Activity → Reproduce the listing below exactly, except for its pictures.

Information supplied →
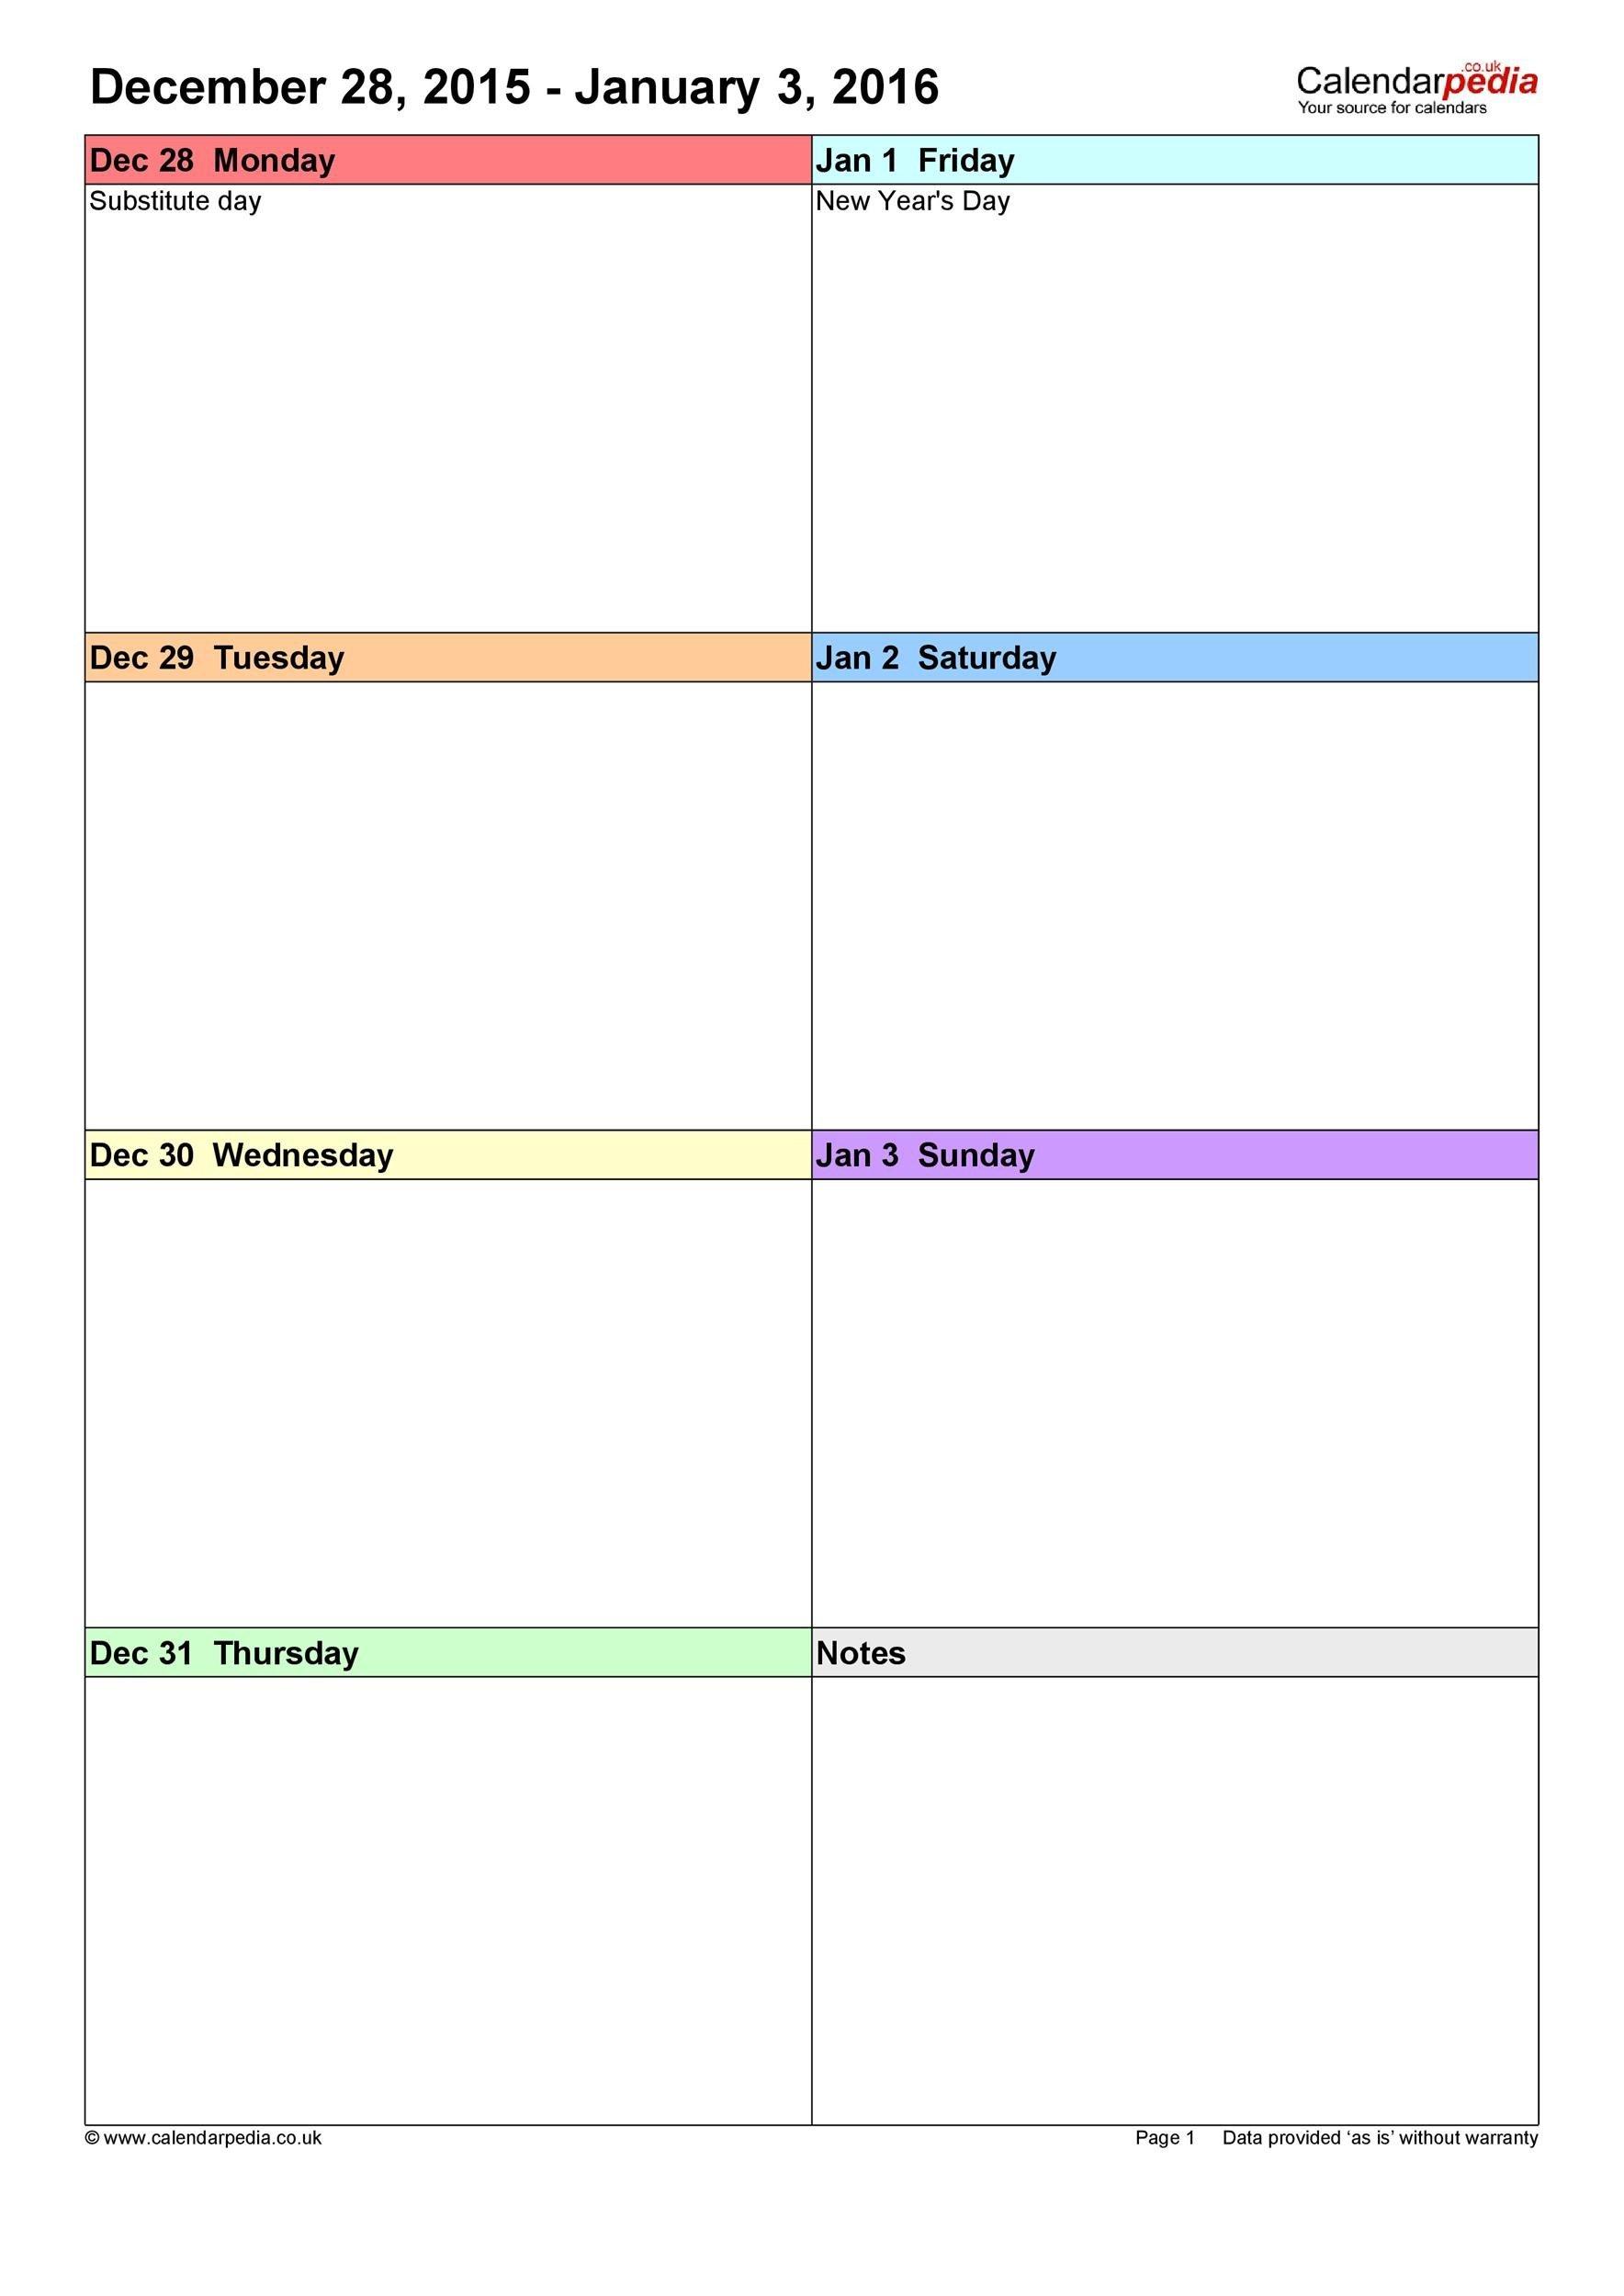 26 Blank Weekly Calendar Templates [Pdf, Excel, Word] ᐅ 7 Day Week Blank Timetable
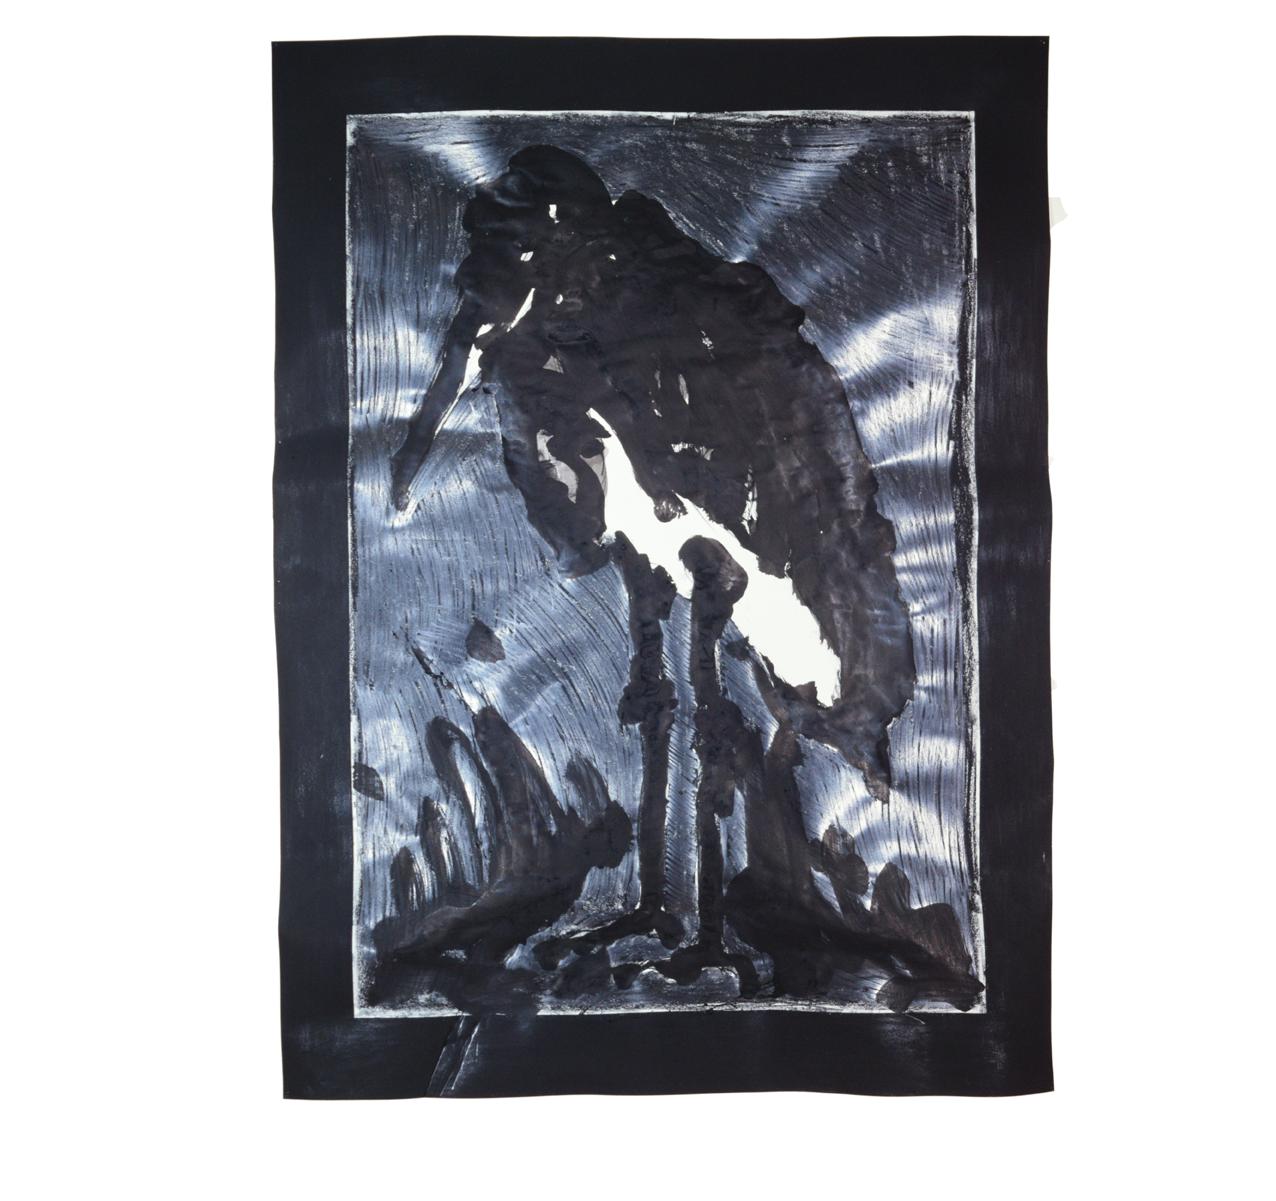 """Marabu"" 1981, Kohle, Graphit, Tusche auf Papier, 157 x 115 cm - Foto Hadler/Stuhr"
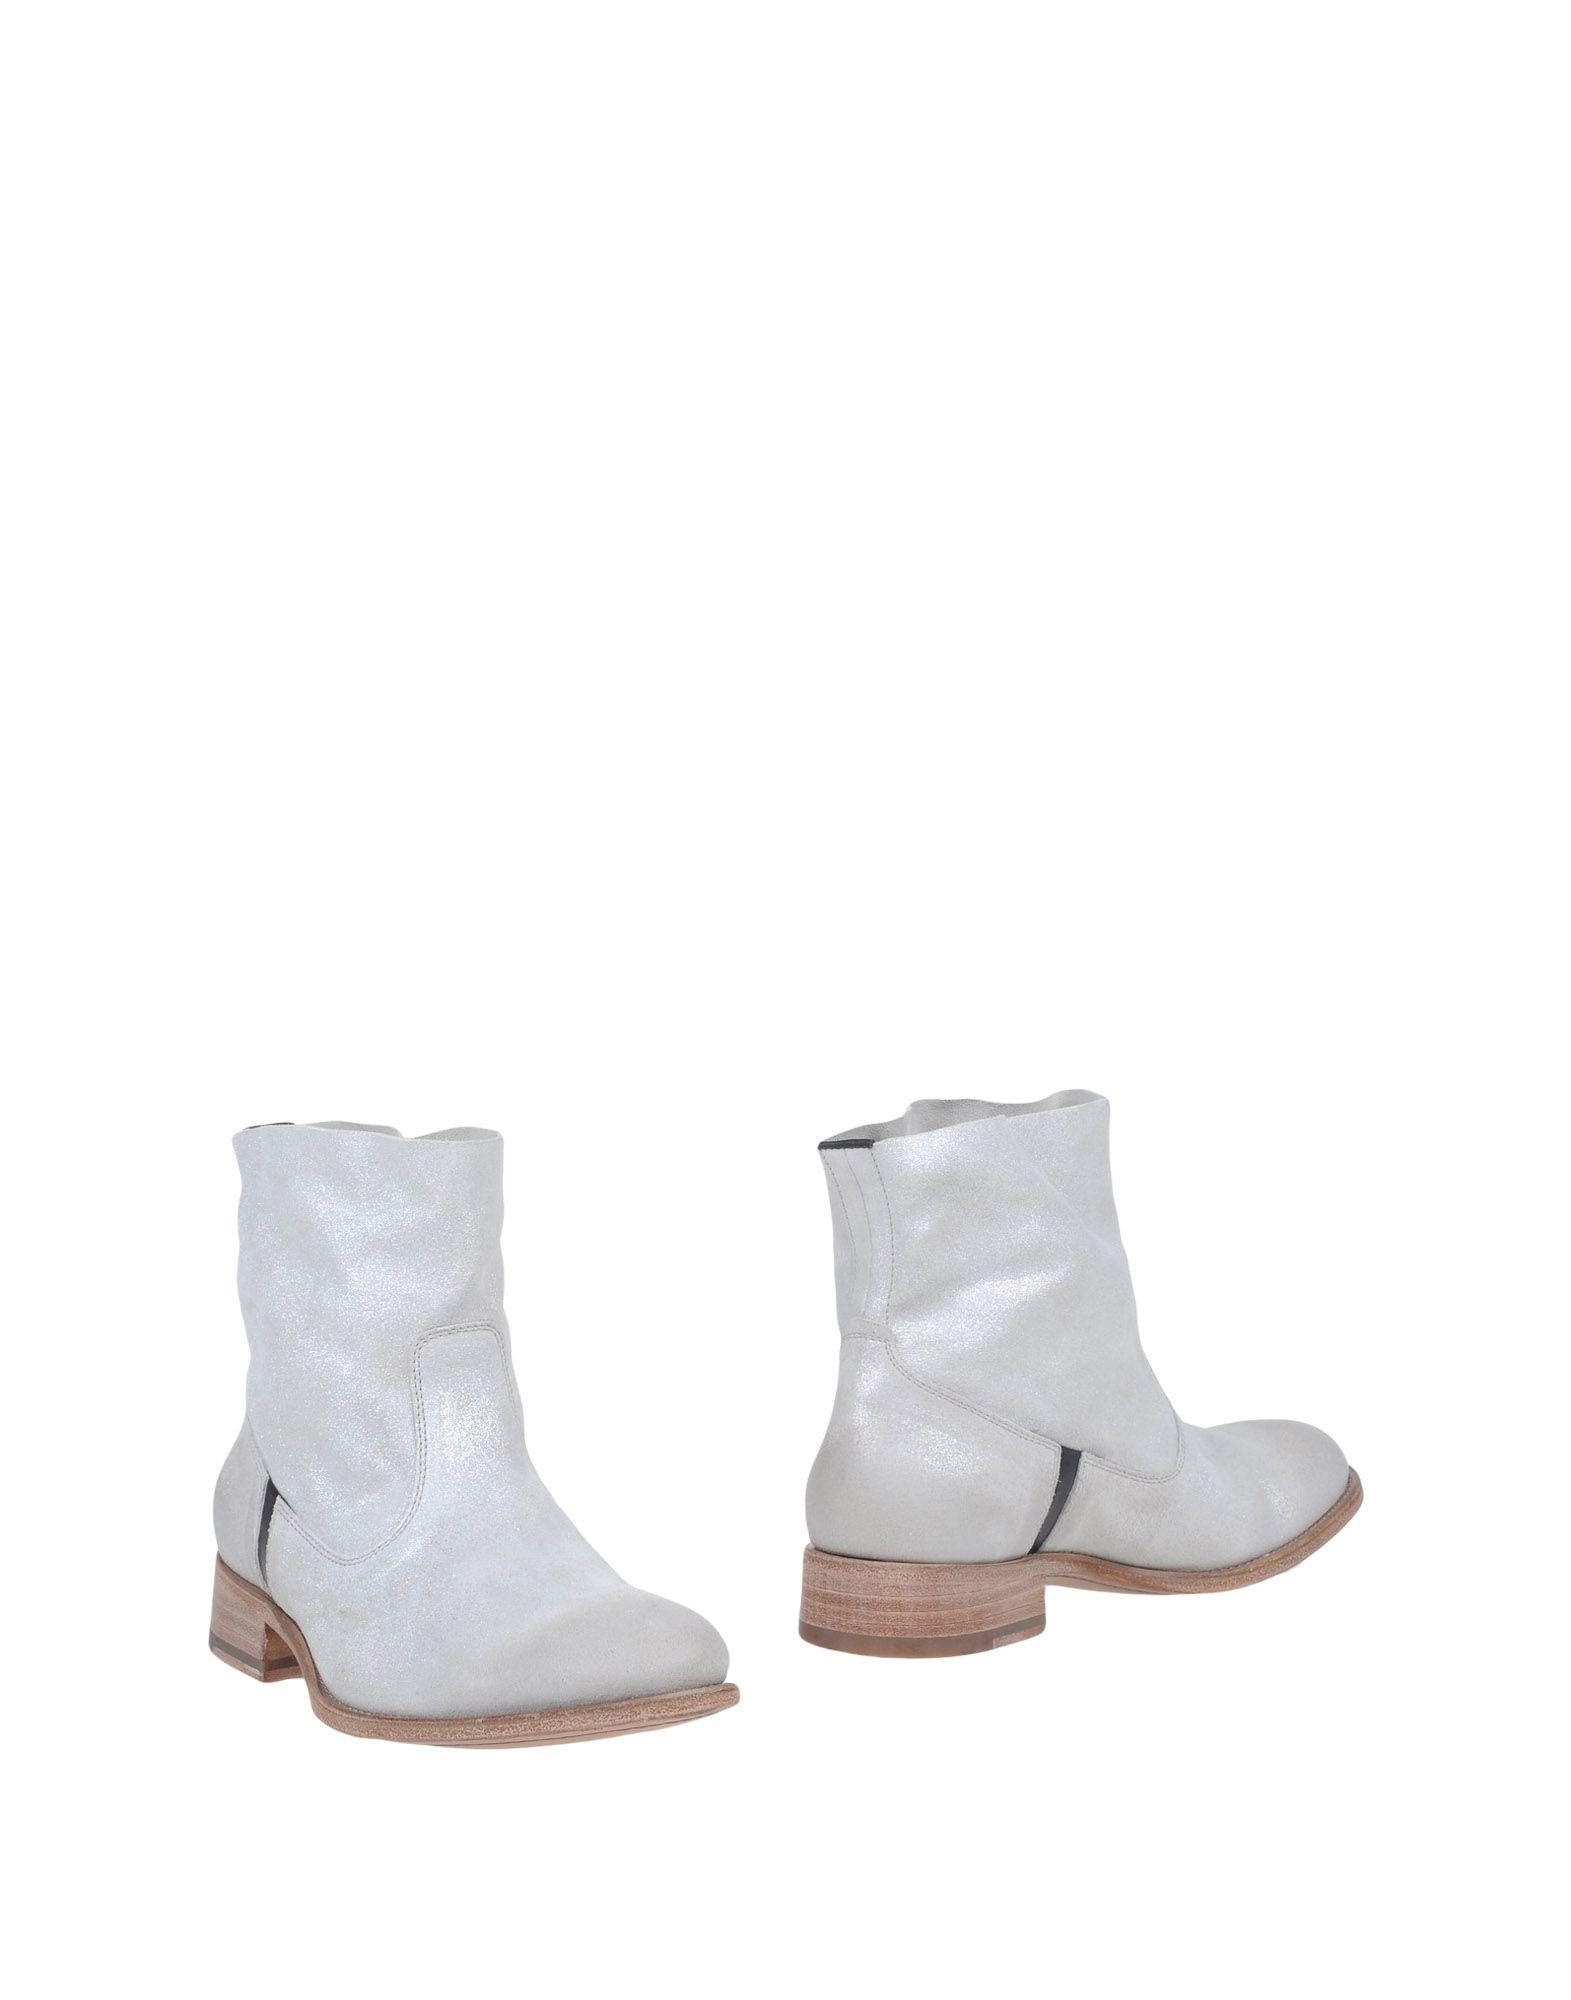 N.D.C. MADE BY HAND Полусапоги и высокие ботинки 2 made in italy полусапоги и высокие ботинки

Result →
 26 Blank Weekly Calendar Templates [Pdf, Excel, Word] ᐅ 7 Day Week Blank Timetable
 """Marabu"" 1981, Kohle, Graphit, Tusche auf Papier, 157 x 115 cm - Foto Hadler/Stuhr"
 N.D.C. MADE BY HAND Полусапоги и высокие ботинки 2 made in italy полусапоги и высокие ботинки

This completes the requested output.